* **Exercise objective**:
Output, exactly as written, the lines below starting at the line containing "Volkswagen Passat Alltrack" and ending at the line containing "Buku Syarah Kitab". Drop the pictures and keep both end lines.

* **Input**:
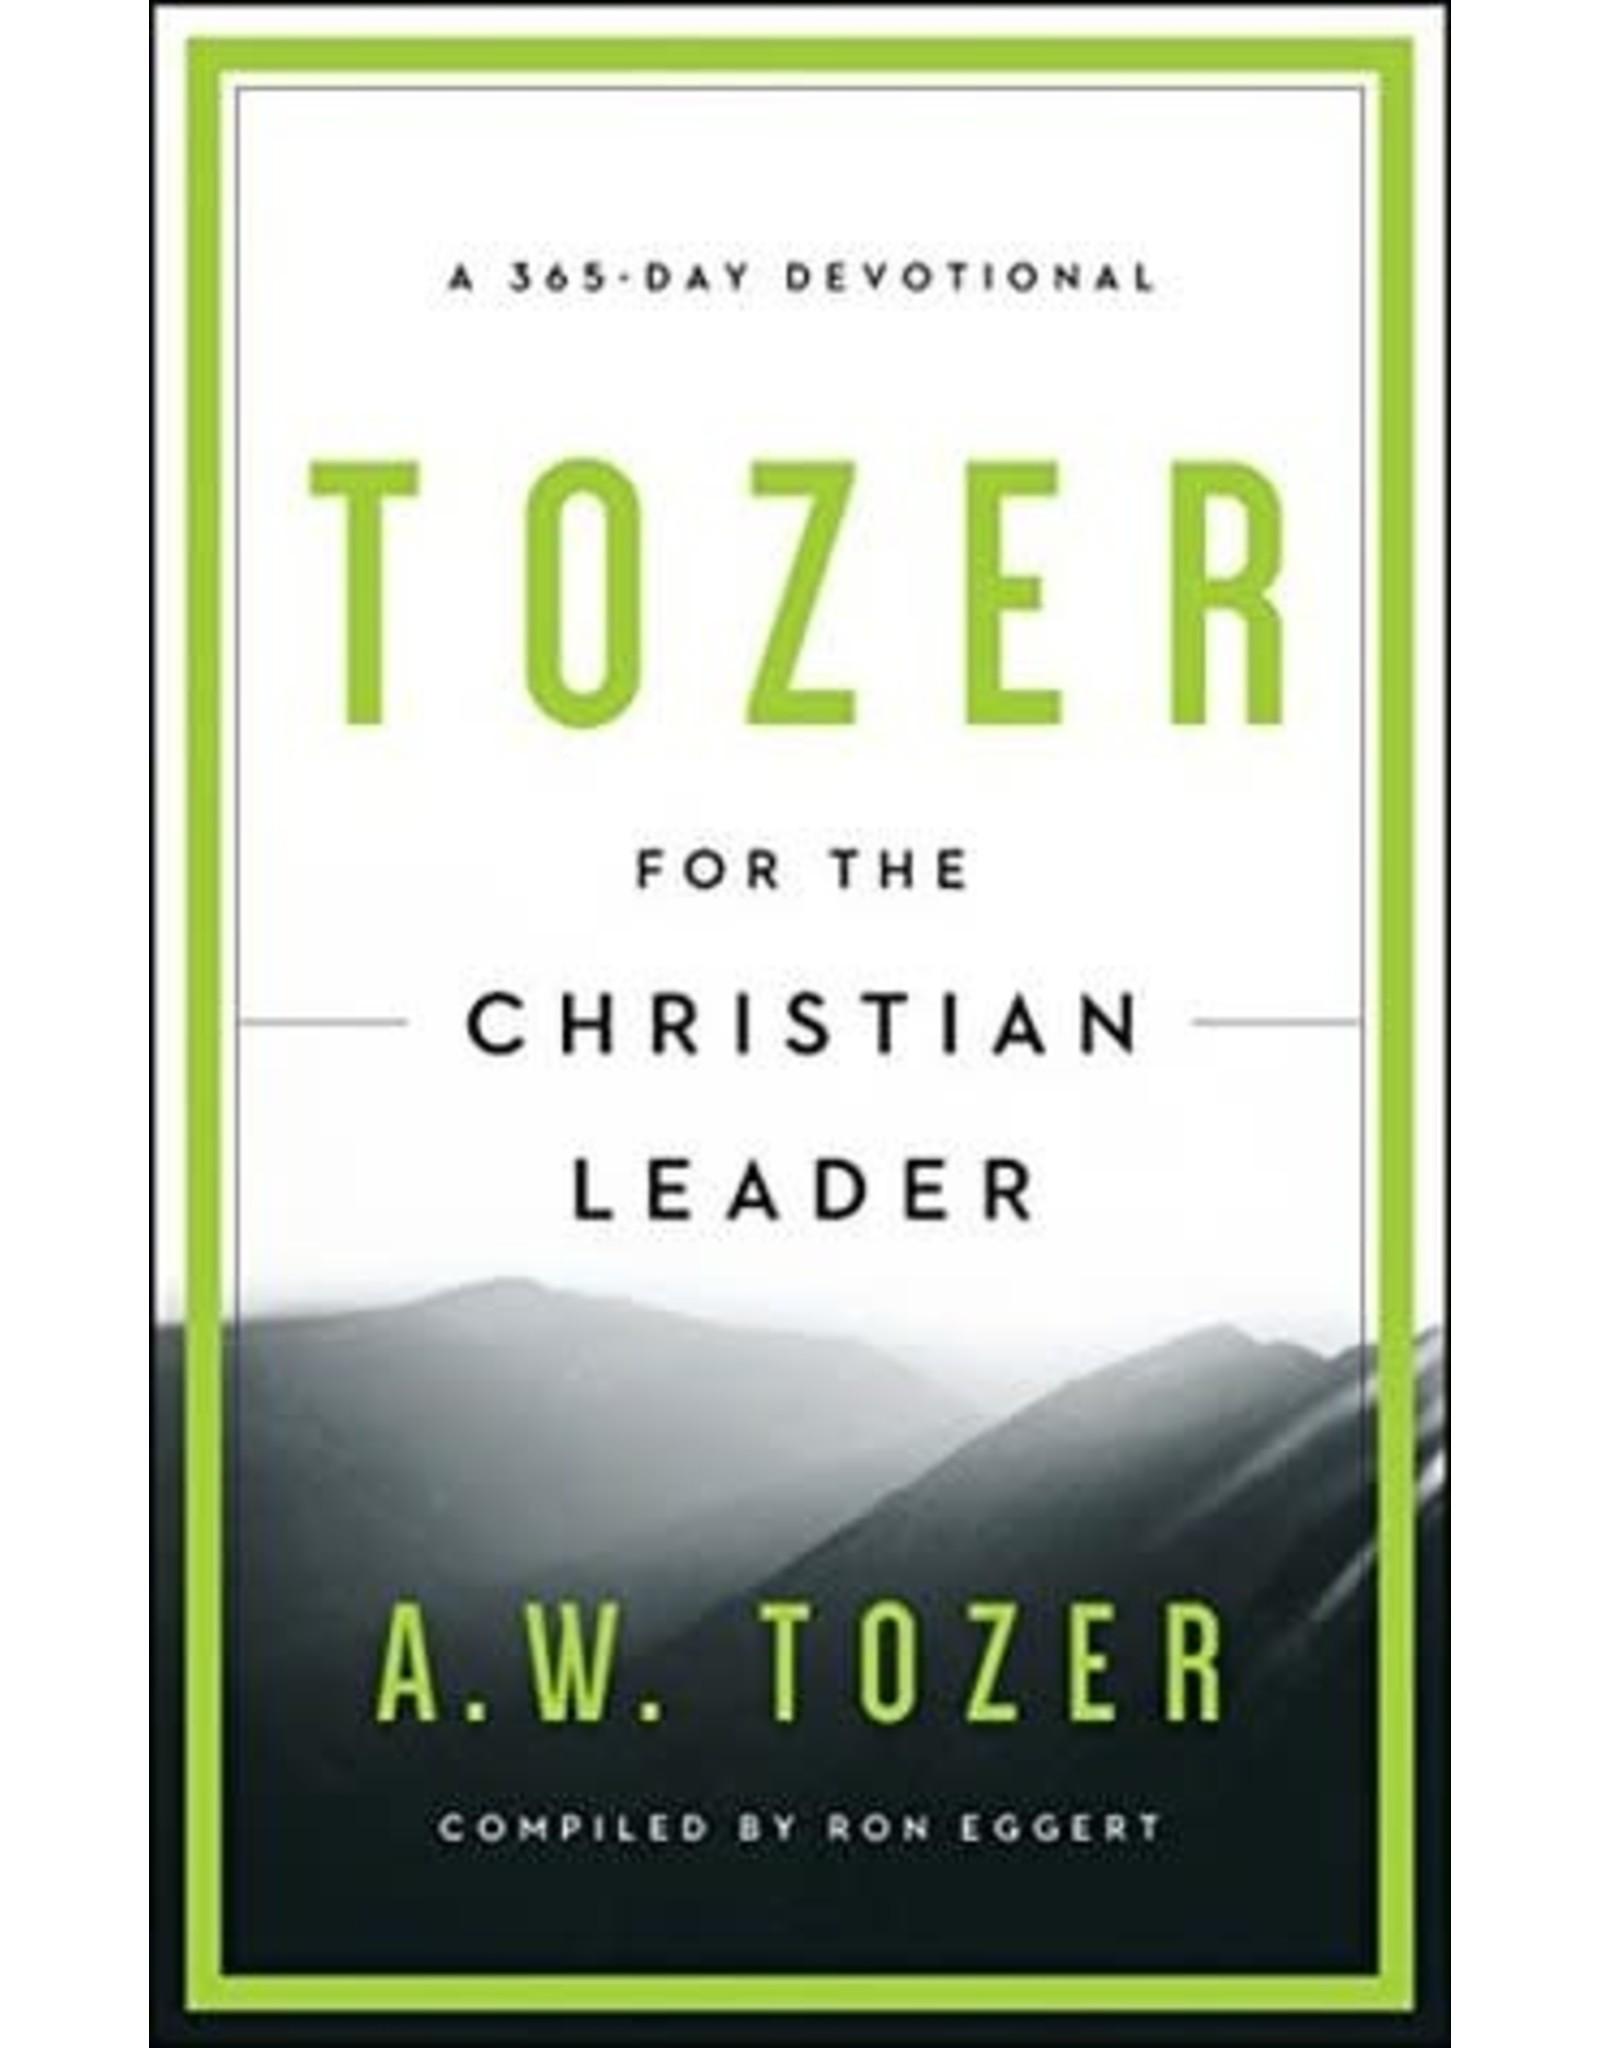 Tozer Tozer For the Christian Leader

==

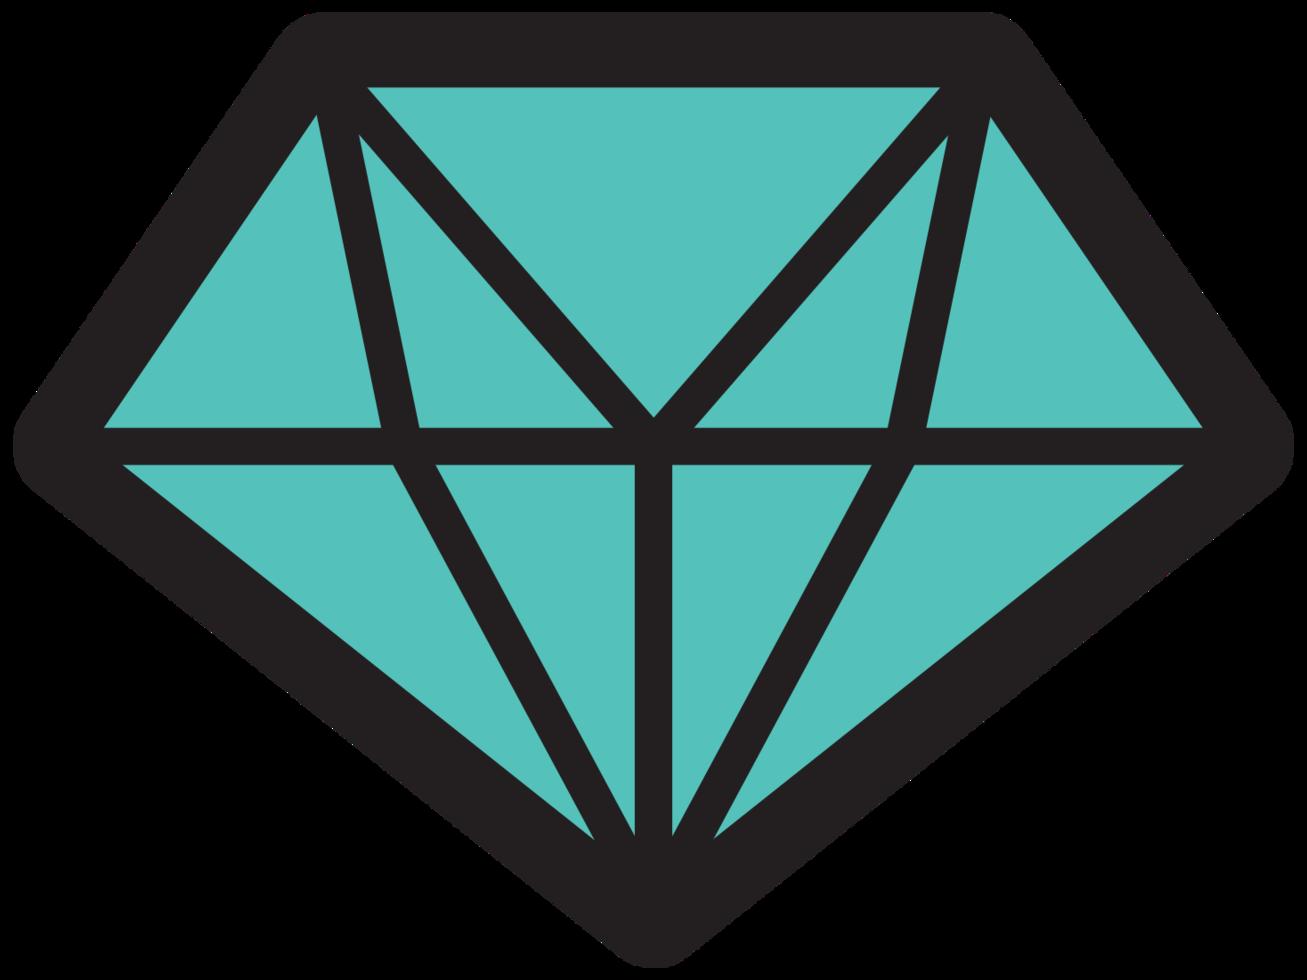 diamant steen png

---

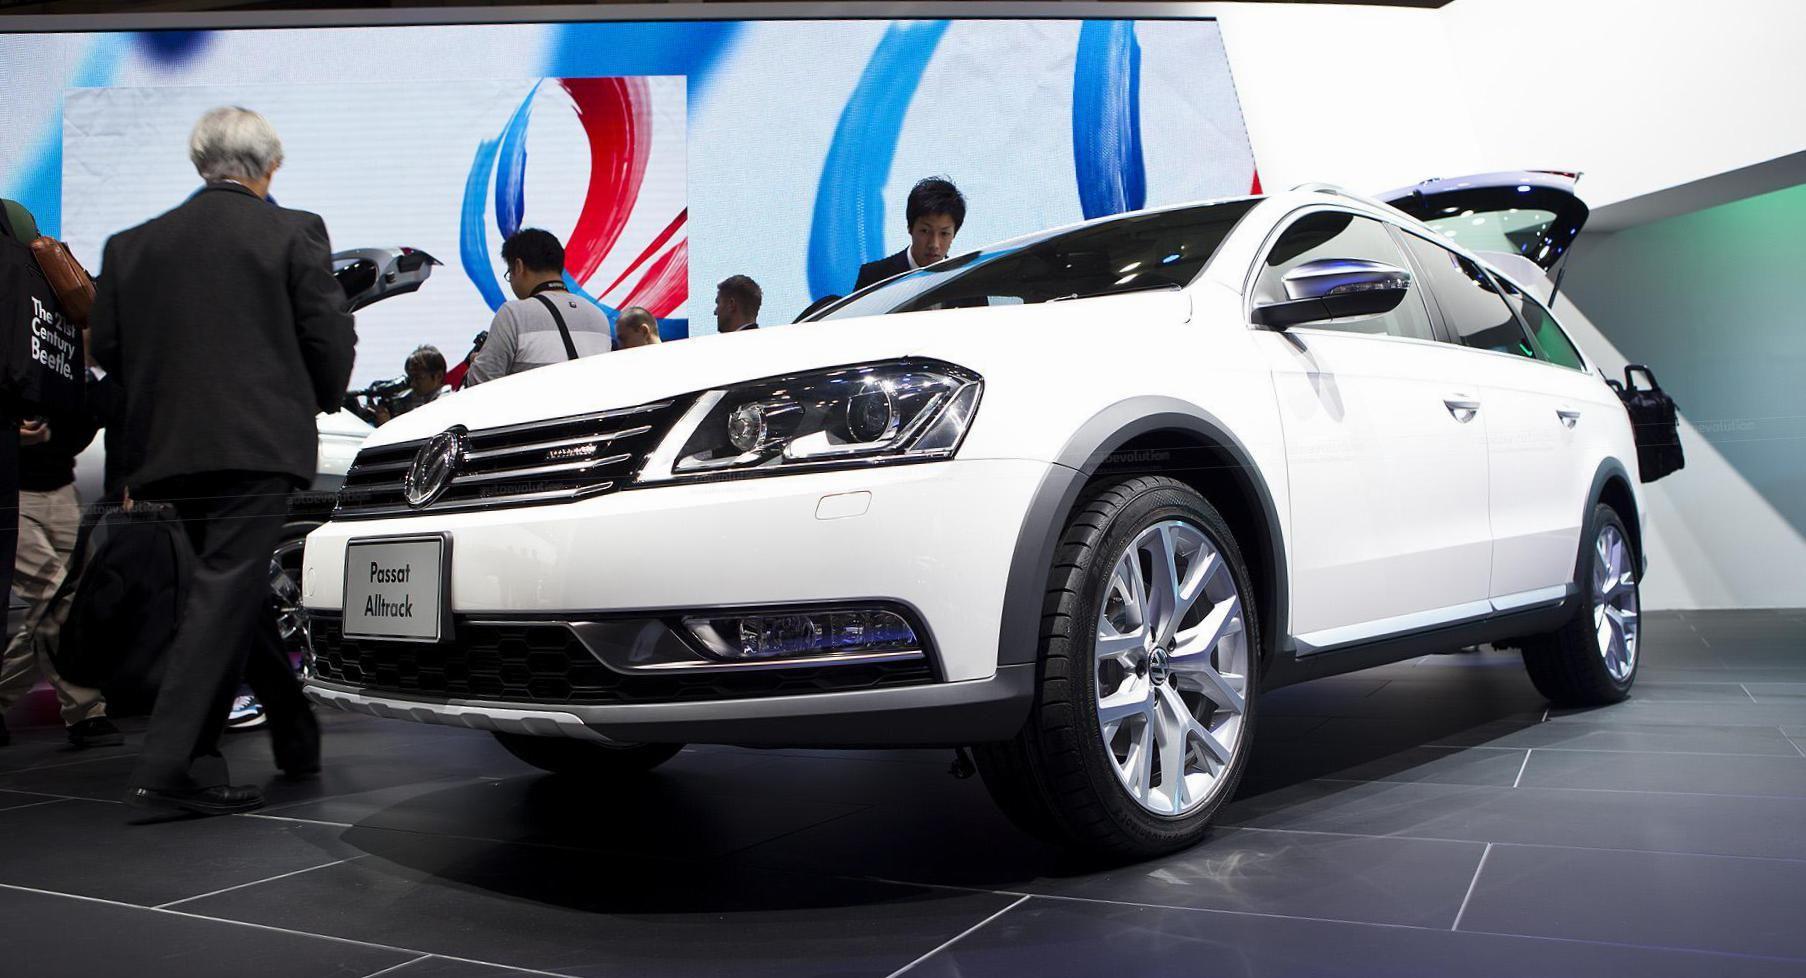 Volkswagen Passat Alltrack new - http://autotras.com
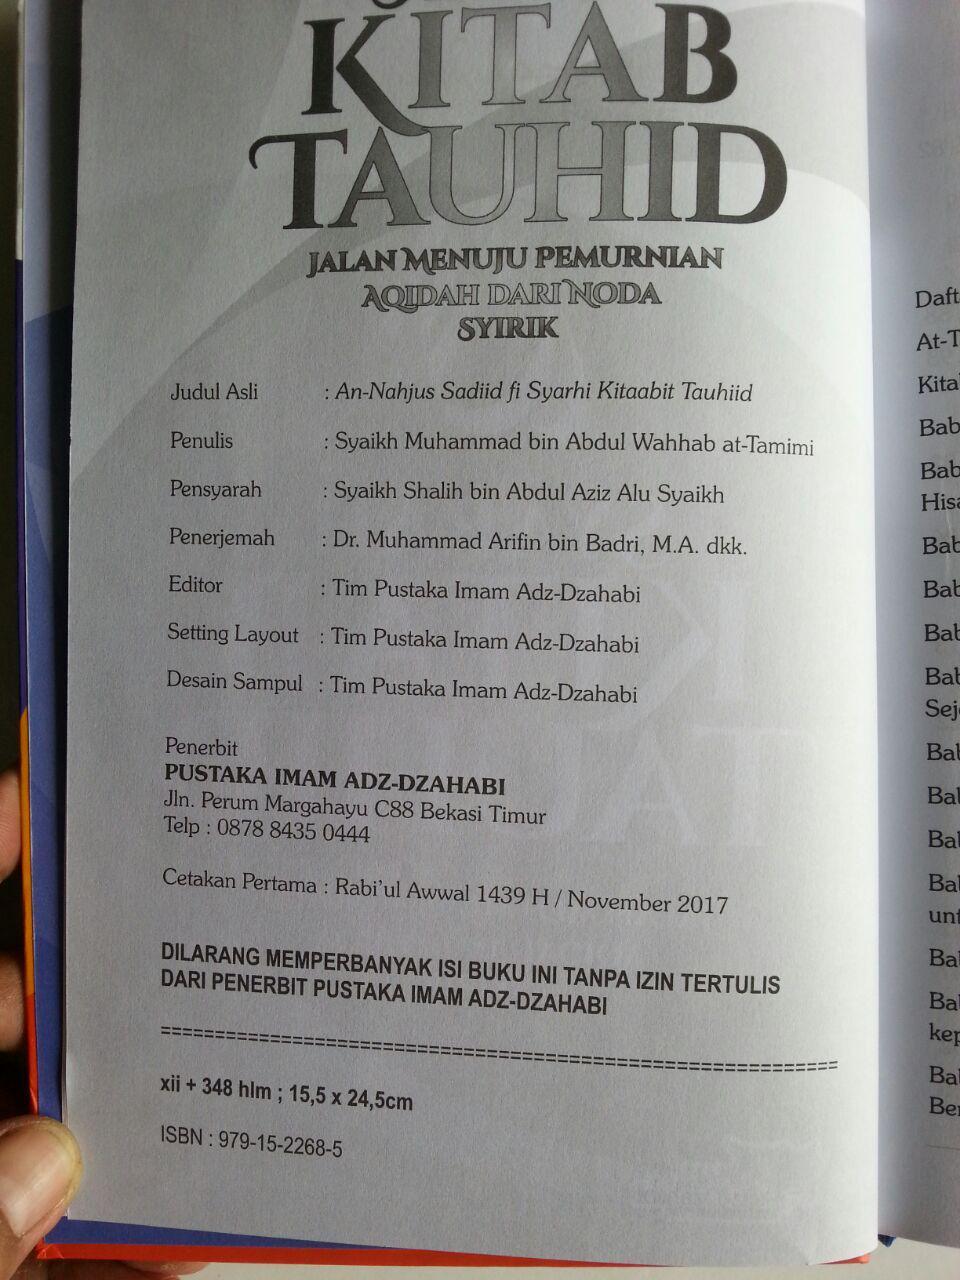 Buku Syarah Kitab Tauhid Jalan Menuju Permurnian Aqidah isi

* **Solution to the exercise**:
 Volkswagen Passat Alltrack new - http://autotras.com
 Buku Syarah Kitab Tauhid Jalan Menuju Permurnian Aqidah isi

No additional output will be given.